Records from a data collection
· · ·
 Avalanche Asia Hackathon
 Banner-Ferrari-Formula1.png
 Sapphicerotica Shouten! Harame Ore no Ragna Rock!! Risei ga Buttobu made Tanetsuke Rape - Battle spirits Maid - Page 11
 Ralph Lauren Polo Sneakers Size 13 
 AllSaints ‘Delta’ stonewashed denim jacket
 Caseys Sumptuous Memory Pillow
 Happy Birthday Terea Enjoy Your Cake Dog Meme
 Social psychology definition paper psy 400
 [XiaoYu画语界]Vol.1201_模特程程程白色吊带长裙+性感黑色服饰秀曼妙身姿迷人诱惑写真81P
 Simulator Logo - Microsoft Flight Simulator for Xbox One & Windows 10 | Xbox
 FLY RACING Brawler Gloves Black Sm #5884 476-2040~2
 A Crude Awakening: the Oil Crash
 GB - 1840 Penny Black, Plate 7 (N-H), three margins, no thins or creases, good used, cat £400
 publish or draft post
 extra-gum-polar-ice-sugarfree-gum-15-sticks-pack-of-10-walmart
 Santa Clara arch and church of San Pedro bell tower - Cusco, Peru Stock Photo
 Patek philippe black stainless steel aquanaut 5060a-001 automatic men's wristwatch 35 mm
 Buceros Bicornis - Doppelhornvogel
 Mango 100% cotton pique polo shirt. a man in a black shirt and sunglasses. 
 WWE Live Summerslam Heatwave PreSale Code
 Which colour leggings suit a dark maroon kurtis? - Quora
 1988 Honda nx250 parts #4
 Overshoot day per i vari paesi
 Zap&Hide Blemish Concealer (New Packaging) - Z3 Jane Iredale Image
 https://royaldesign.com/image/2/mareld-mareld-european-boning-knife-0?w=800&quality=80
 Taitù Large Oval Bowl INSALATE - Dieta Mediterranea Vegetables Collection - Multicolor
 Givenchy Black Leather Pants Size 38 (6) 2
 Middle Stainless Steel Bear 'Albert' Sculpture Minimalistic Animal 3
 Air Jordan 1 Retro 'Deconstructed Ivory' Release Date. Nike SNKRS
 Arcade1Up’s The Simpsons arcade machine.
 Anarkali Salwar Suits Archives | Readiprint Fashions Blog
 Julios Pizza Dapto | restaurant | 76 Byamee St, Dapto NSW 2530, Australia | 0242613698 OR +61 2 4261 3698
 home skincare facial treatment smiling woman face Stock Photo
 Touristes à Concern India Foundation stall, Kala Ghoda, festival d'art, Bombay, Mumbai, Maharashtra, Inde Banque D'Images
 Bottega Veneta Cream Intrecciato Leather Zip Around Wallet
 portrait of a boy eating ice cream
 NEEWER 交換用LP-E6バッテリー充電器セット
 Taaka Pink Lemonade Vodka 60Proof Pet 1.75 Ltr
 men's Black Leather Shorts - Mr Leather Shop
· · ·
Task goal:
Search the data above for lines holding "Size" and copy each of them.

Answer space:
 Ralph Lauren Polo Sneakers Size 13 
 Givenchy Black Leather Pants Size 38 (6) 2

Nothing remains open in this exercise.